Deep Tissue Massage at Holiday Feet
What is the benefit of Deep Tissue Massage?
Do you suffer from sore chronic tension; stiff, nagging muscles; limited mobility and headaches?
Everyday we exert effort. We lift, carry, twist, bend and turn. Over time, we over-exert muscles and this can lead to strain and injury. Deeper pressure is beneficial in releasing chronic muscle tension. The focus is on the deepest layers of muscle tissue, tendons and fascia (the protective layer surrounding muscles, bones and joints).
A study in the Journal of Alternative and Complementary Medicine found that people’s blood pressure fell after a single 45 to 60 minute deep tissue massage. Additionally, a 2010 meta-analysis in the Journal of Clinical Psychiatry found that massage modalities like deep tissue reduce stress hormone levels and heart rate while boosting mood and relaxation by triggering the release of oxytocin and serotonin.

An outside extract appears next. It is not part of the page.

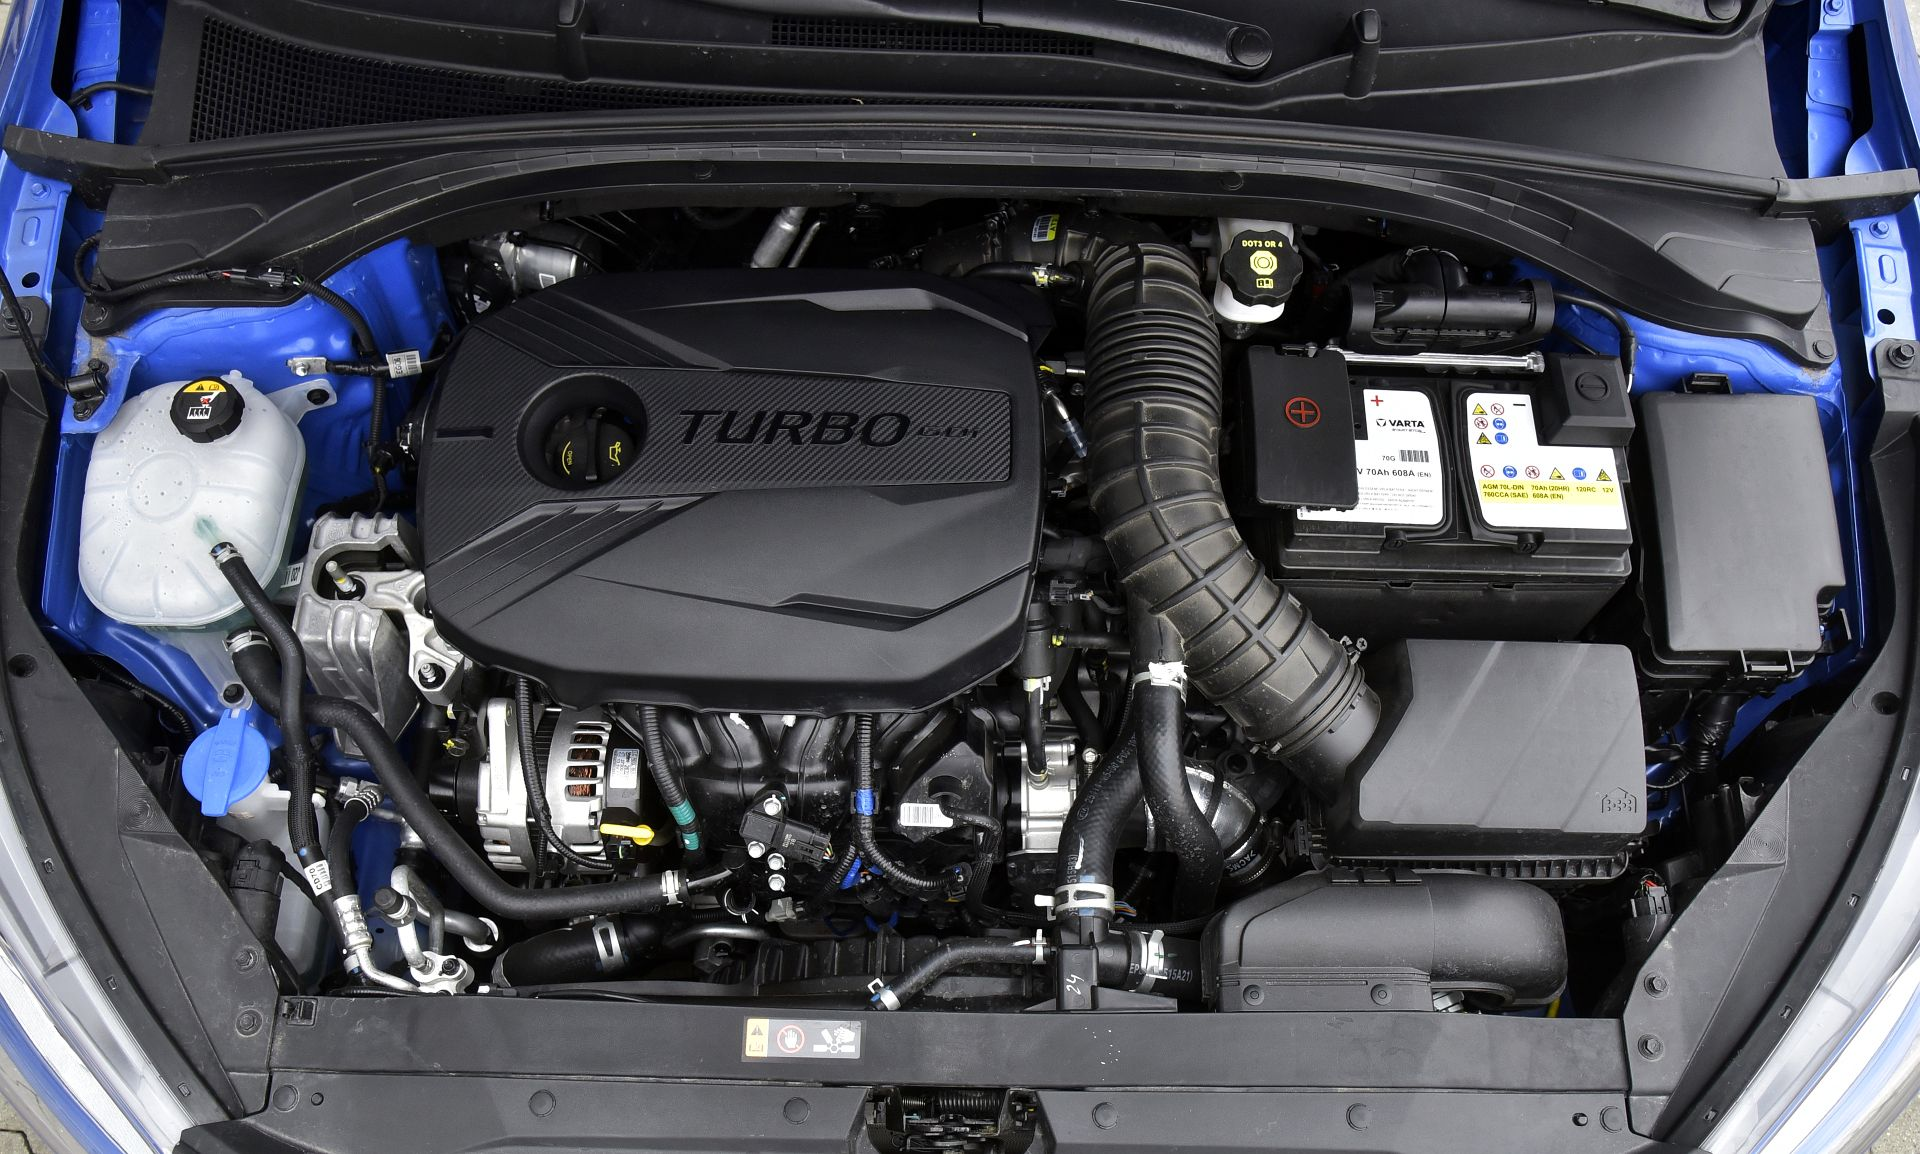 KIA ProCeed III GT 1.6Turbo-GDi 204KM 7AT DCT WN3521L 03-2019

Acupressure at Holiday Feet
What is Acupressure?
Acupressure derives from the words acupuncture and pressure to form acupressure. Using the knowledge base provided by acupuncture, the acupressure practitioner accesses meridian energy centers or the acupressure points on the body, to apply different pressure techniques to correct energy flow, blood circulation and muscle flexibility.
A meridian energy point for an organ may not be located around that organ. For example, some of the acupressure points that regulate the function of the bladder may be found in acupressure facial cavities. This is why, during an acupressure treatment, the practitioner works with the 99 identified acupressure points that cover the body from head to toe, while controlling the flow of energy, blood and oxygen to your bladder, conception vessel, gallbladder, governing vessel, heart, kidneys, large intestine, liver, lung, pericardium, small intestine, spleen, stomach and the triple warmer.

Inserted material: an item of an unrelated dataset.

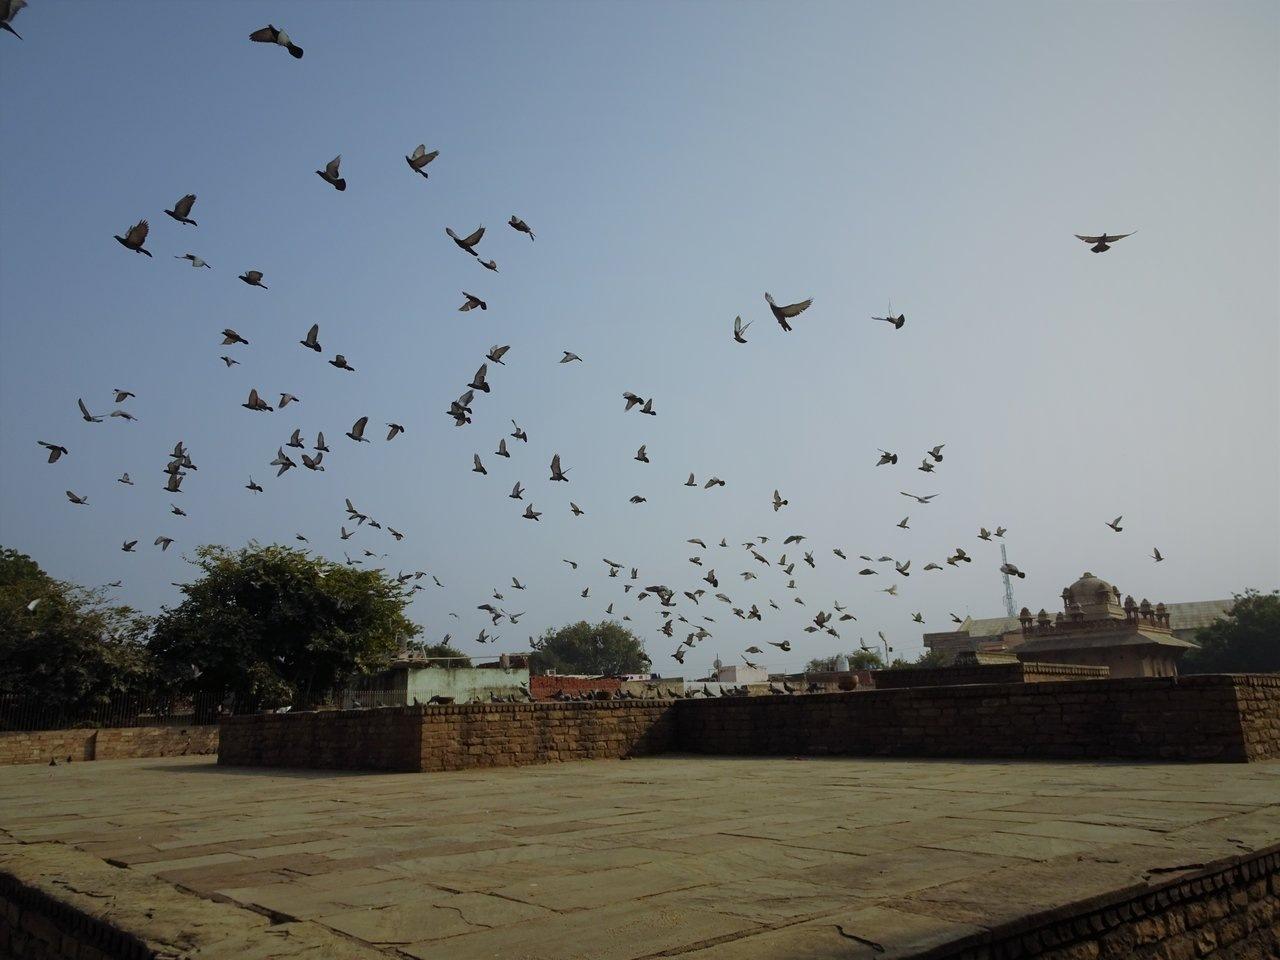 Pigeons in flight - Tansen Tomb

Acupressure is a gentle massage treatment that usually lasts for an hour. After a session, the patient will experience incredible relief from physical and emotional stress and a sense of health and well-being. More than one acupressure massage session will be needed to treat particular ailments, illnesses or chronic diseases.
What is Reflexology?
Reflexology is the application of appropriate pressure to specific points and areas on the feet, hands, or ears. Reflexologists believe that these areas and reflex points correspond to different body organs and systems, and that pressing them has a beneficial effect on the organs and person’s general health. For example, reflexology holds that a specific spot in the arch of the foot corresponds to the bladder point. When a reflexology practitioner uses thumbs or fingers to apply appropriate pressure to this area, it affects bladder functioning.

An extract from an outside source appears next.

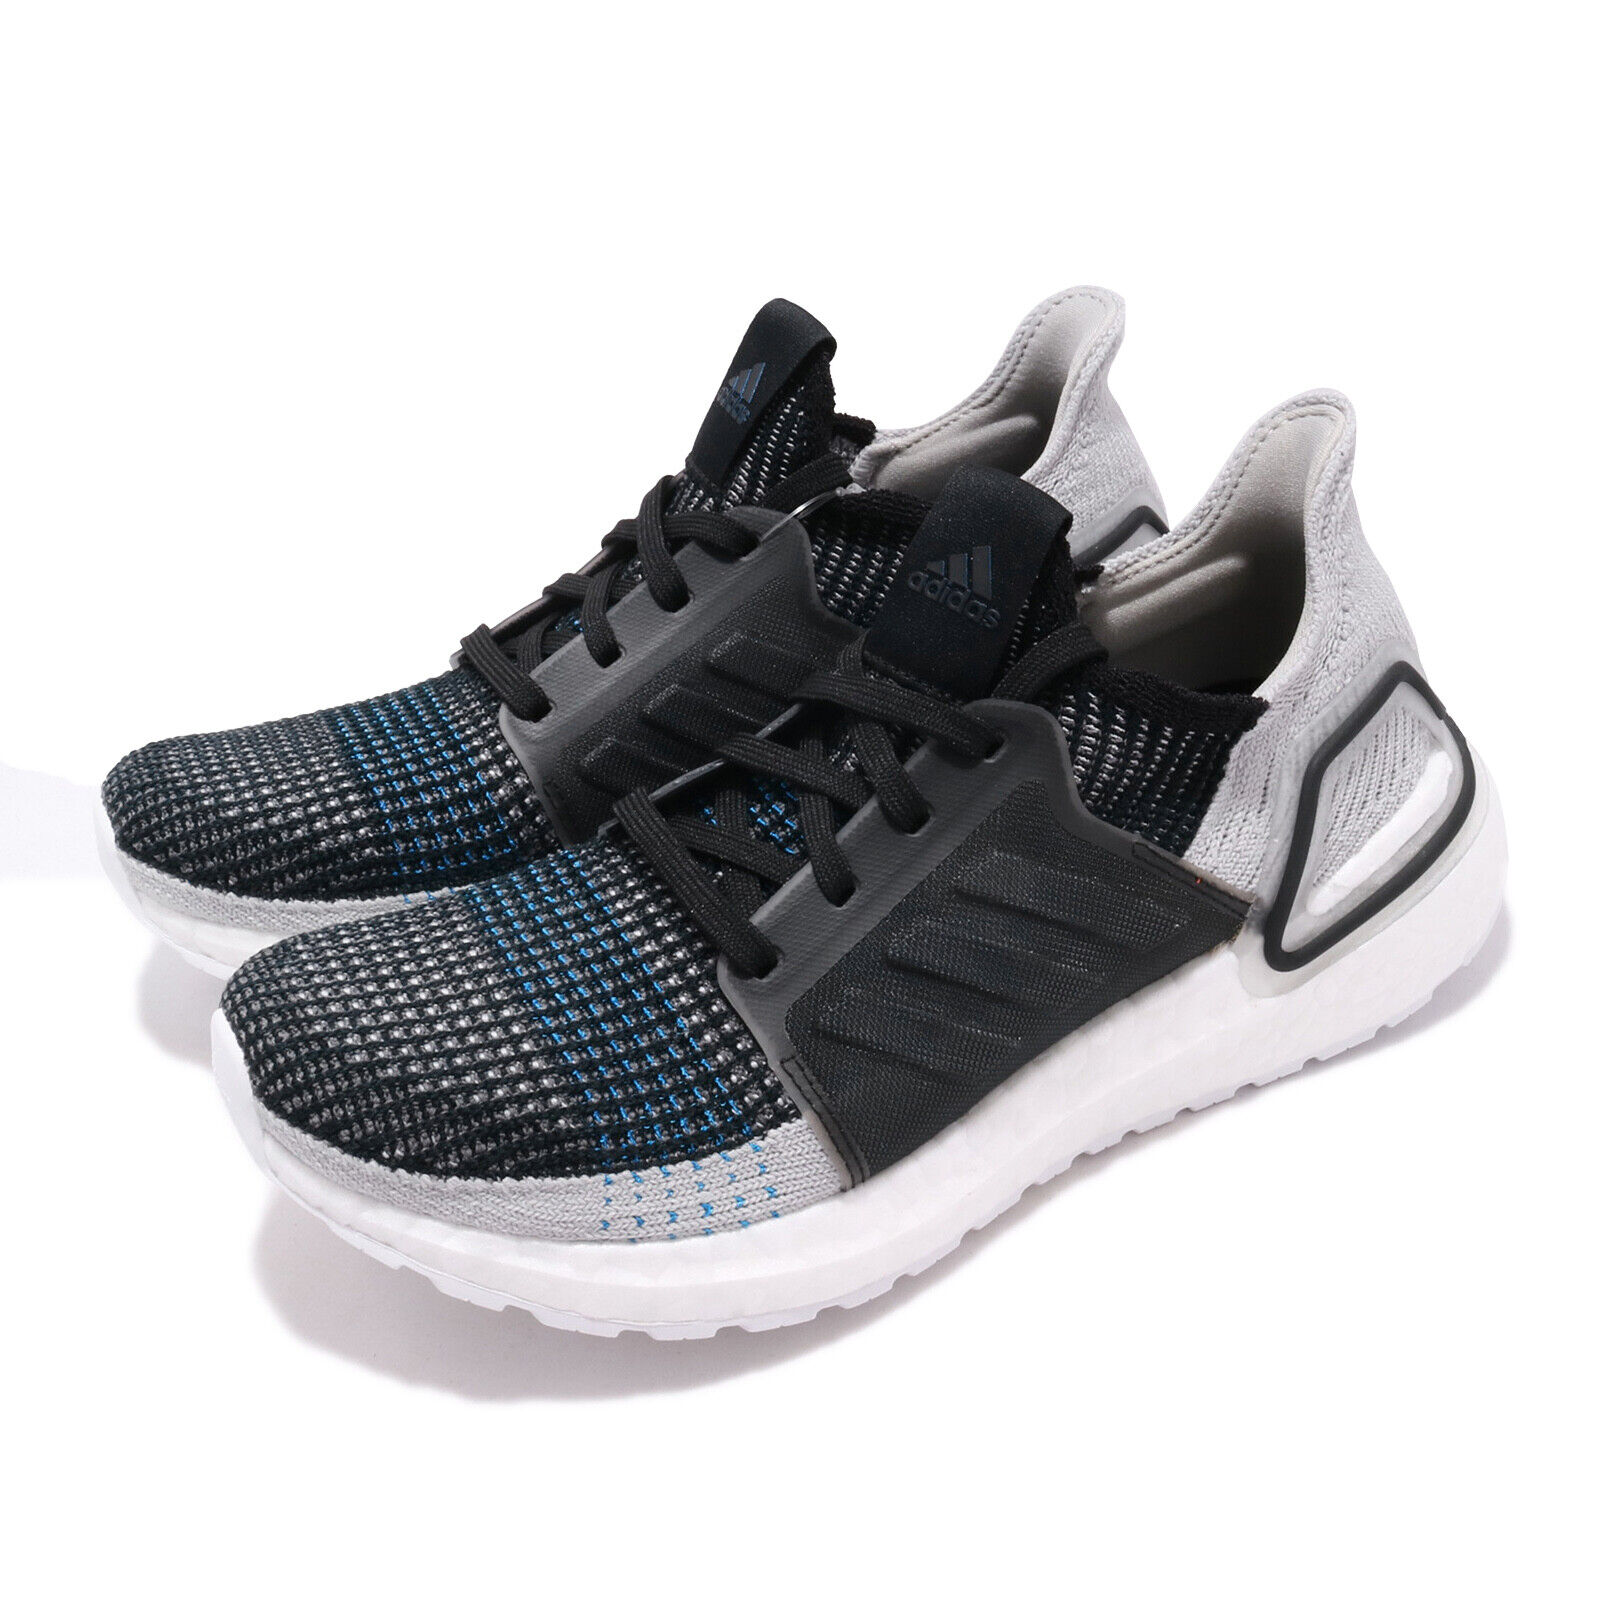 Adidas UltraBOOST 19 Negro gris Azul Hombres Para Zapatos Tenis Informales Correr F35242

Foor reflexology is based on a system of zones and reflex areas that reflect an image of the body on the feet or hands.
Reflexology is used to relieve stress and create balance in the body by working specific areas and points mapped out on the bottom of the feet.
Acupuncture at HolidayFeet
What is Acupuncture?
Acupuncture is the use of tiny, sharp needles inserted at precise locations on the body in order to open blocked energy (or Qi) pathways. This process is believed to alter and release the body’s energy flow in order to cure various ailments, in much the same way a kinked hose releases to provide life giving water to plants. Some examples of conditions that Acupuncture may remedy include: Depression, anxiety, various types of muscle or joint pain and sports injuries.
Skin Scrapping at HolidayFeet
What is Skin Scraping?
Skin Scraping (Gua Sha) is a healing technique used in traditional medicine, which literally means literally “to scrape away fever” . The skin is pressed with a piece of jade, and repeated strokes over lubricated skin with a smooth edge that results in stimulation and the appearance of small red patches
Skin Scrapping at HolidayFeet
What is Cupping?
Cupping is one of the oldest methods of traditional Chinese medicine. The earliest recorded use of cupping dates to the early fourth century, when the noted herbalist Ge Hong wrote about a form of cupping in A Handbook of Prescriptions. Later books written during the Tang and Qing dynasties described cupping in great detail; one textbook included an entire chapter on “fire jar qi,” a type of cupping that could alleviate headaches, dizziness and abdominal pain.
Originally, practitioners would use hollowed-out animal horns for cups, and place them over particular points or meridians. Today, most acupuncturists use cups made of thick glass or plastic, although bamboo, iron and pottery cups are still used in other countries. Glass cups are the preferred method of delivery, because they do not break as easily as pottery or deteriorate like bamboo, and they allow the acupuncturist to see the skin and evaluate the effects of treatment.